Measuring missing heritability: inferring the contribution of common variants
- PMID: 25422463
- PMCID: PMC4267399
- DOI: 10.1073/pnas.1419064111
Measuring missing heritability: inferring the contribution of common variants
Abstract
Genome-wide association studies (GWASs), also called common variant association studies (CVASs), have uncovered thousands of genetic variants associated with hundreds of diseases. However, the variants that reach statistical significance typically explain only a small fraction of the heritability. One explanation for the "missing heritability" is that there are many additional disease-associated common variants whose effects are too small to detect with current sample sizes.
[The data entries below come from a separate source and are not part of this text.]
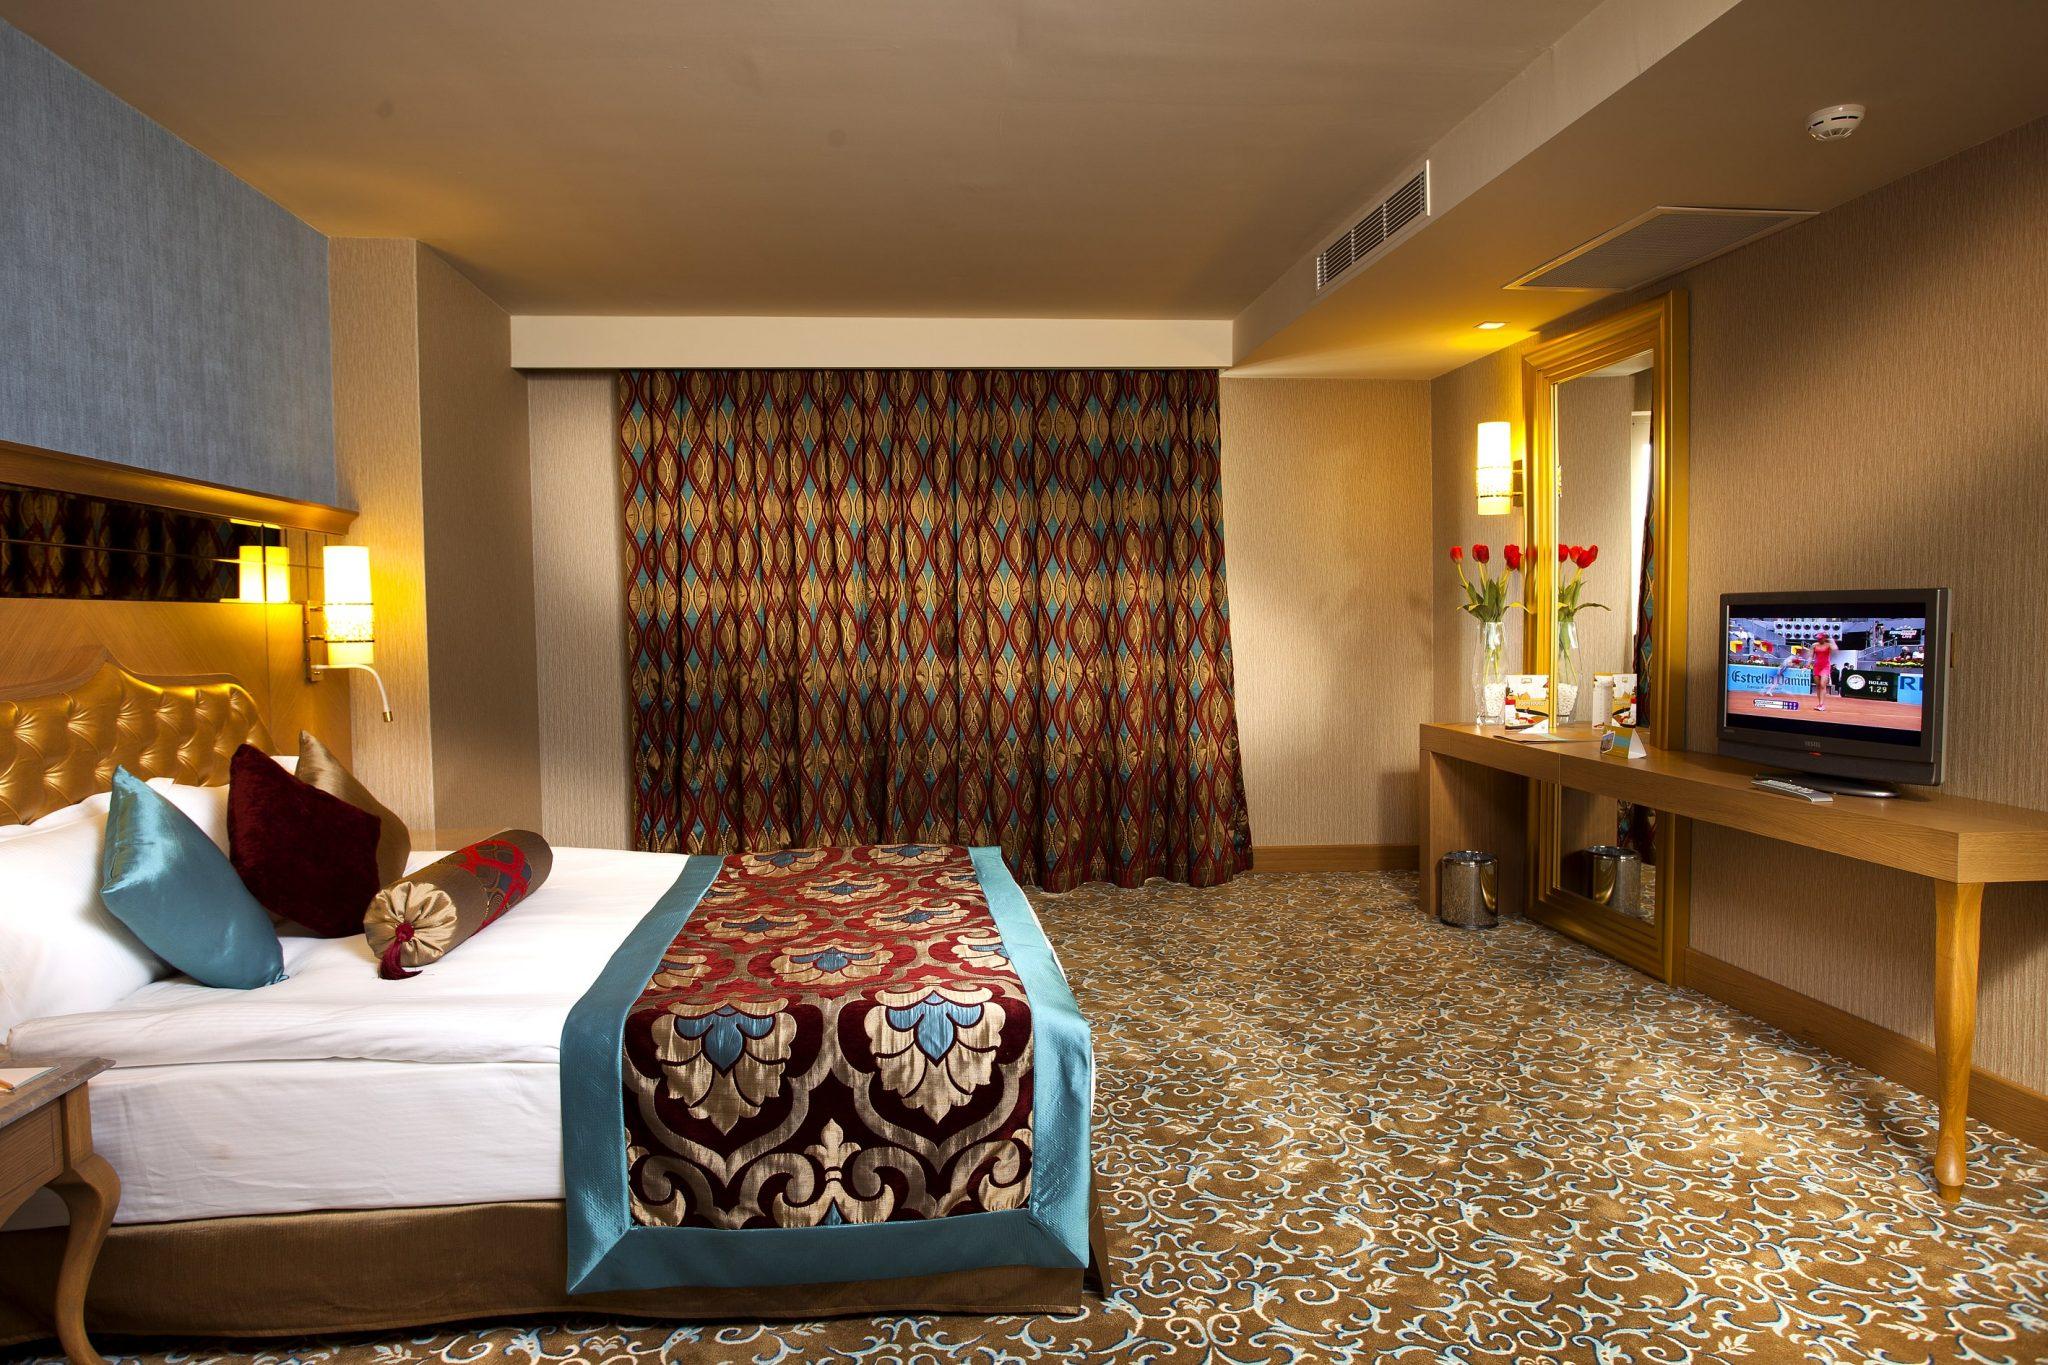 Letovanje_Turska_Hoteli_Avio_Antalija_Hotel_Royal_Holiday_Palace-19-scaled.jpg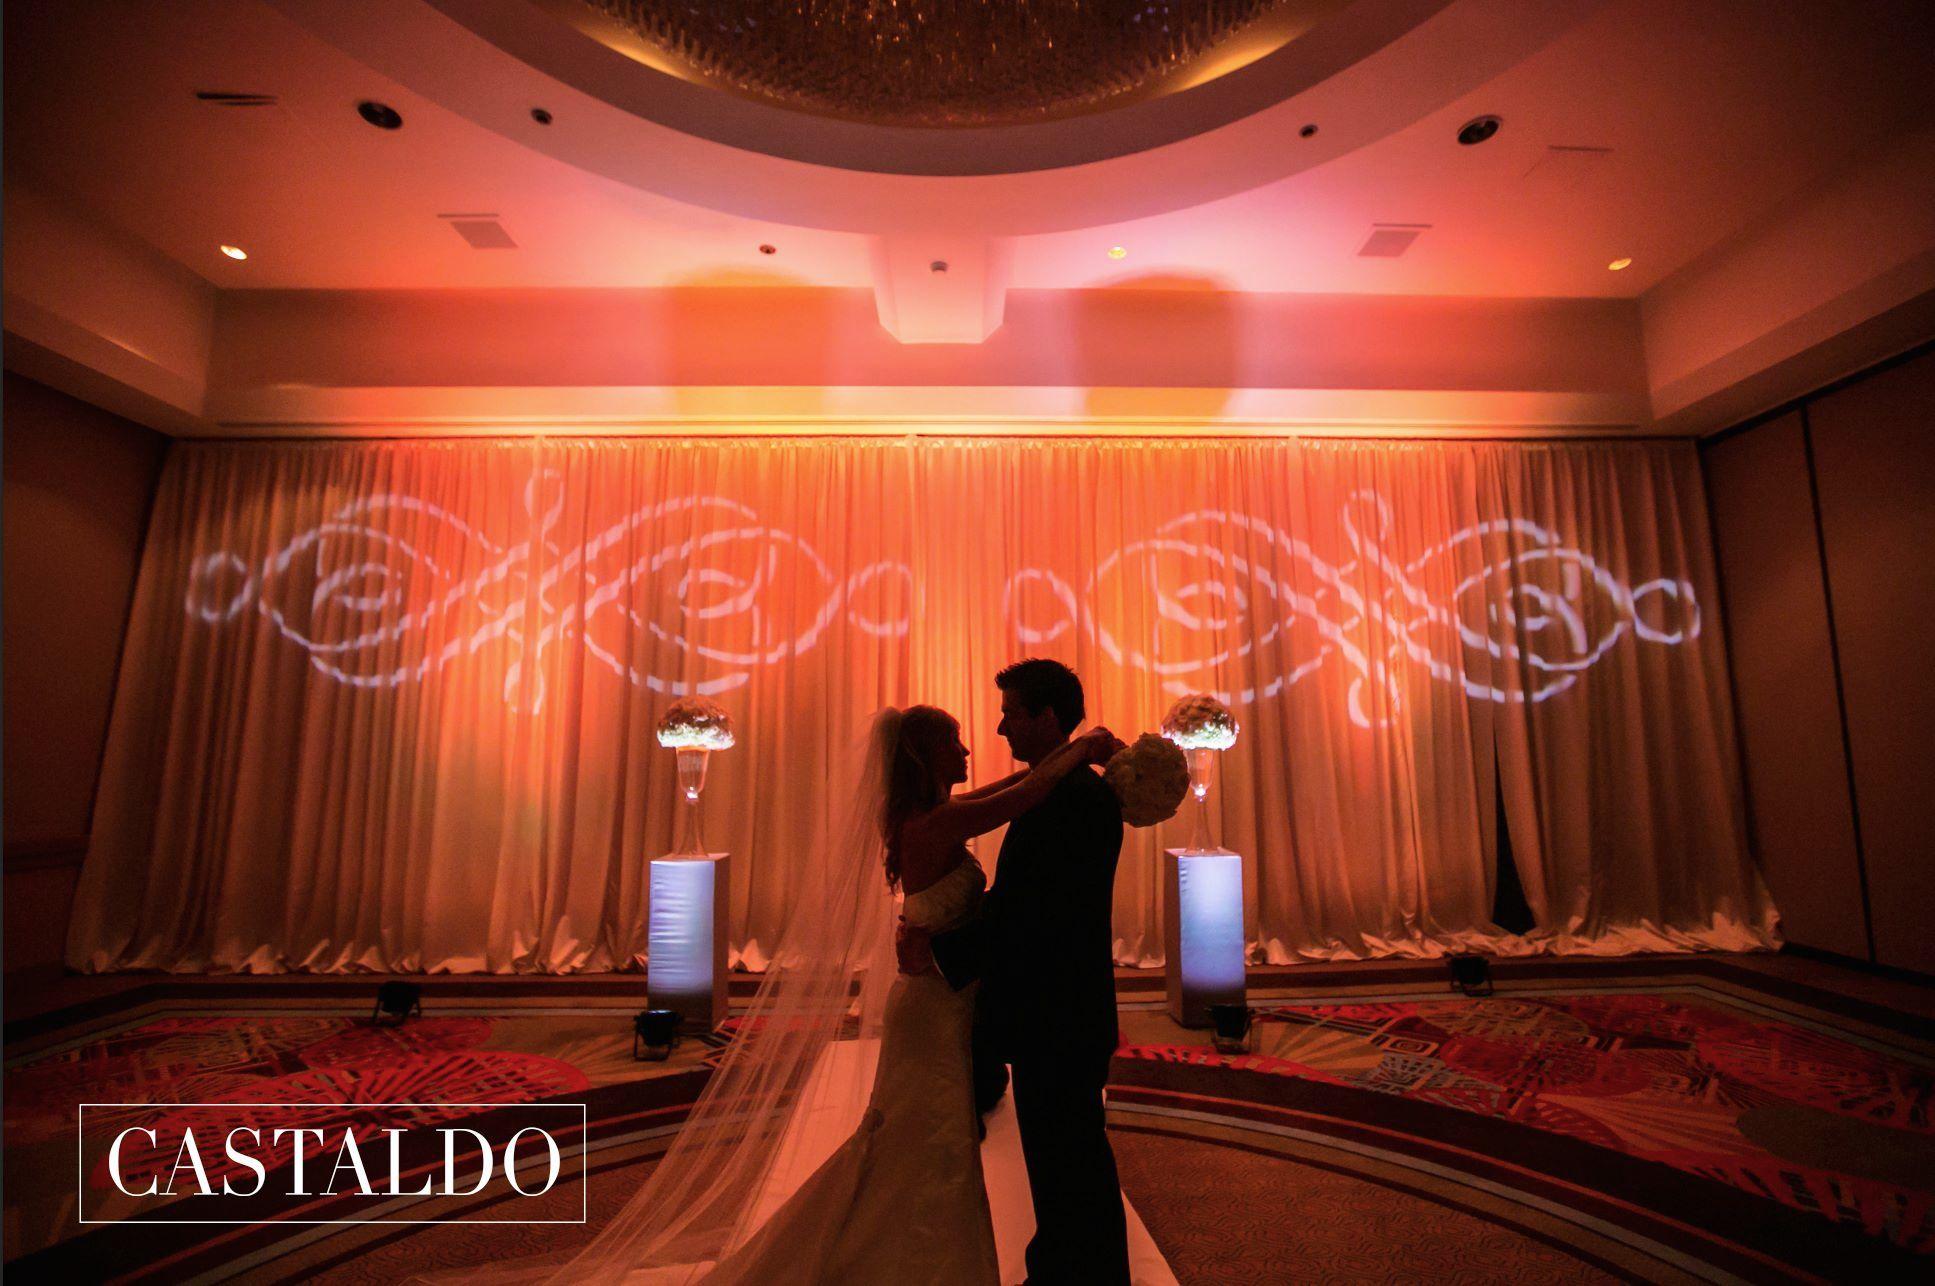 Hyatt-Regency-orlando-wedding-castaldo-studio-Soundwave-DJ-LED-Lighting-Swag-decor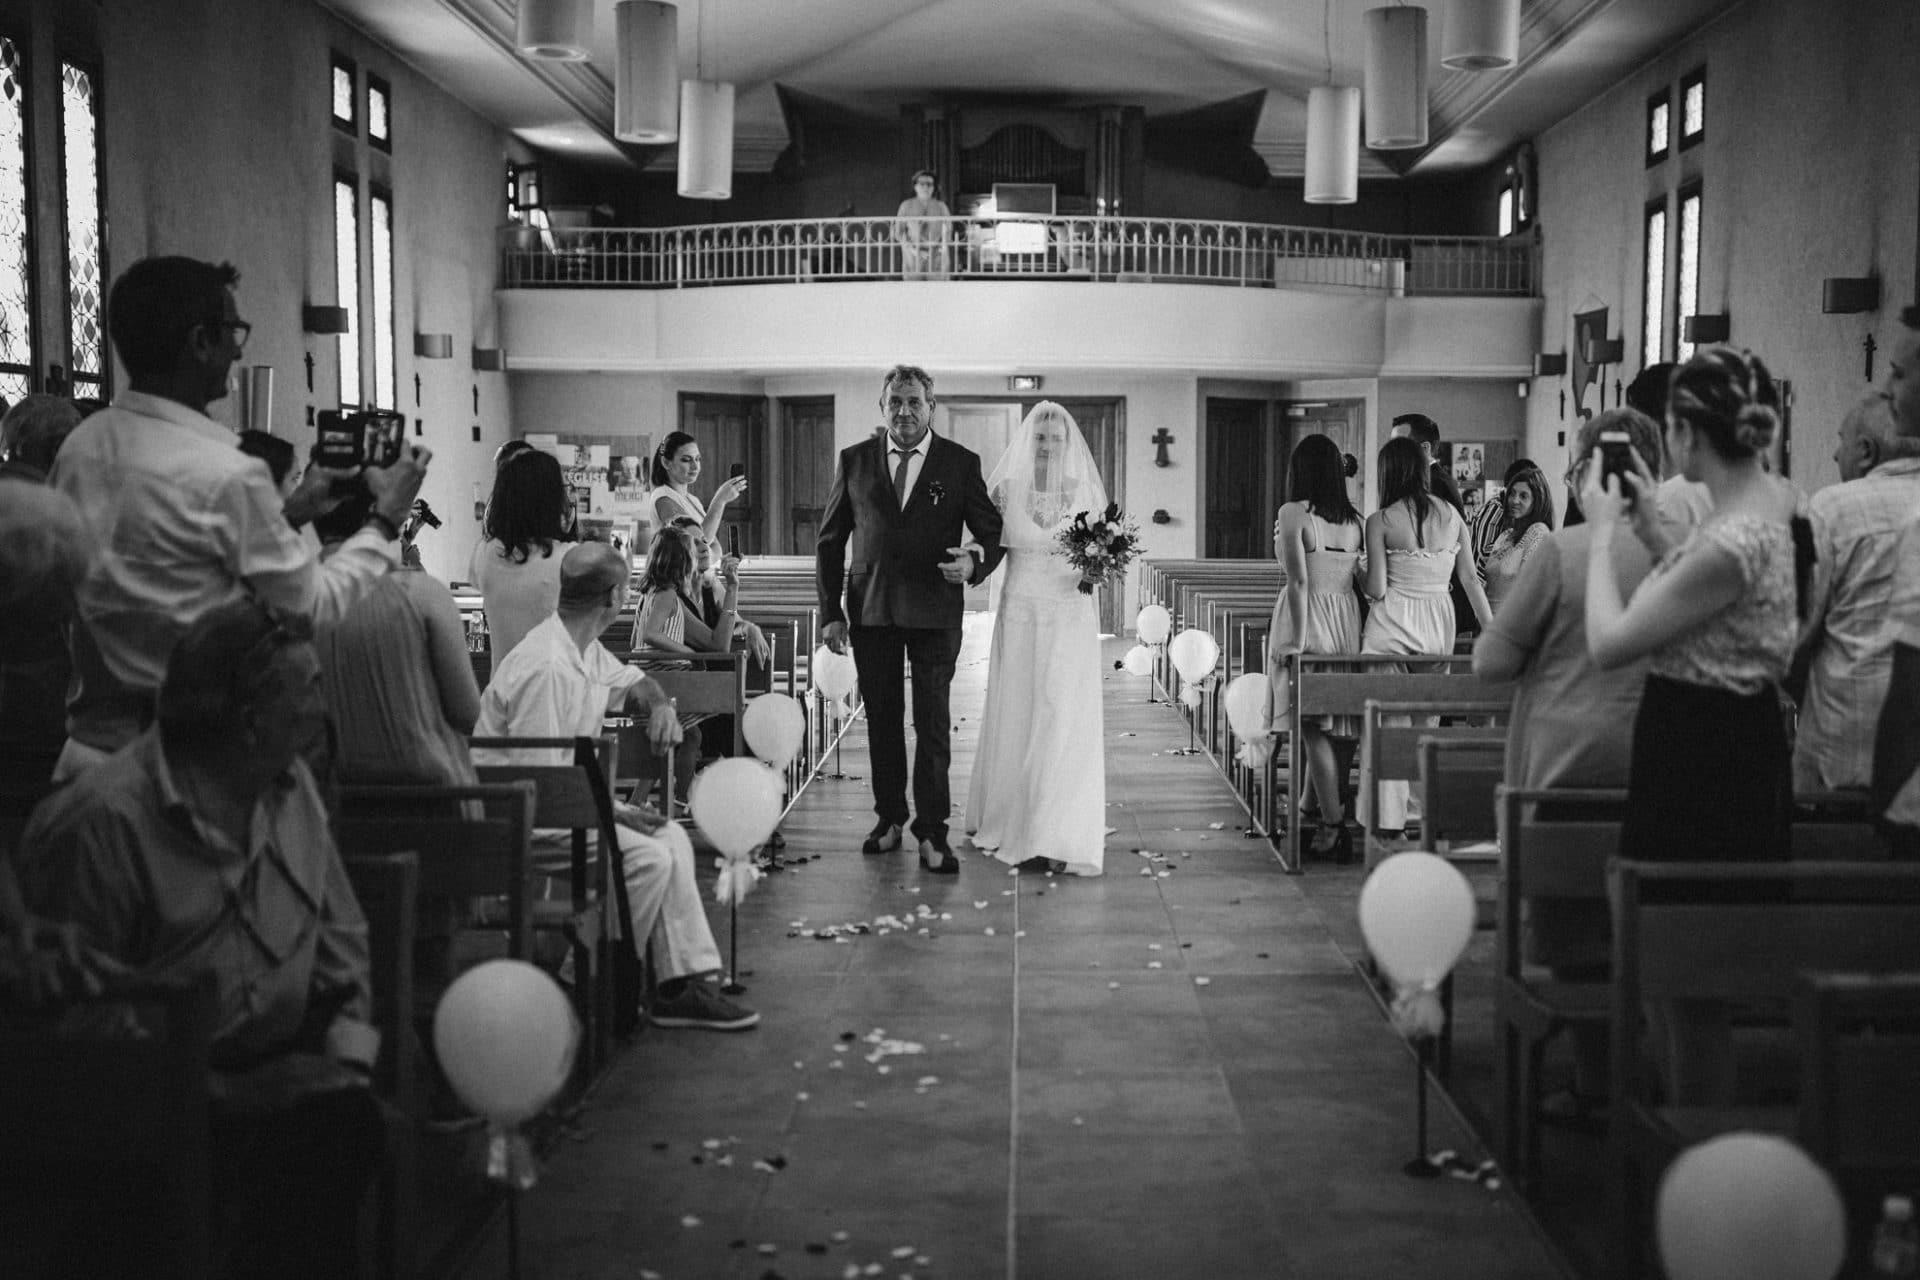 church bride and father wedding destination wedding photographer paris france

It therefore is useful to have methods to quantify the heritability due to common variation, without having to identify all causal variants. Recent studies applied restricted maximum likelihood (REML) estimation to case-control studies for diseases. Here, we show that REML considerably underestimates the fraction of heritability due to common variation in this setting. The degree of underestimation increases with the rarity of disease, the heritability of the disease, and the size of the sample. Instead, we develop a general framework for heritability estimation, called phenotype correlation-genotype correlation (PCGC) regression, which generalizes the well-known Haseman-Elston regression method. We show that PCGC regression yields unbiased estimates. Applying PCGC regression to six diseases, we estimate the proportion of the phenotypic variance due to common variants to range from 25% to 56% and the proportion of heritability due to common variants from 41% to 68% (mean 60%). These results suggest that common variants may explain at least half the heritability for many diseases. PCGC regression also is readily applicable to other settings, including analyzing extreme-phenotype studies and adjusting for covariates such as sex, age, and population structure.
Keywords: genome-wide association studies; heritability estimation; statistical genetics.
Conflict of interest statement
The authors declare no conflict of interest.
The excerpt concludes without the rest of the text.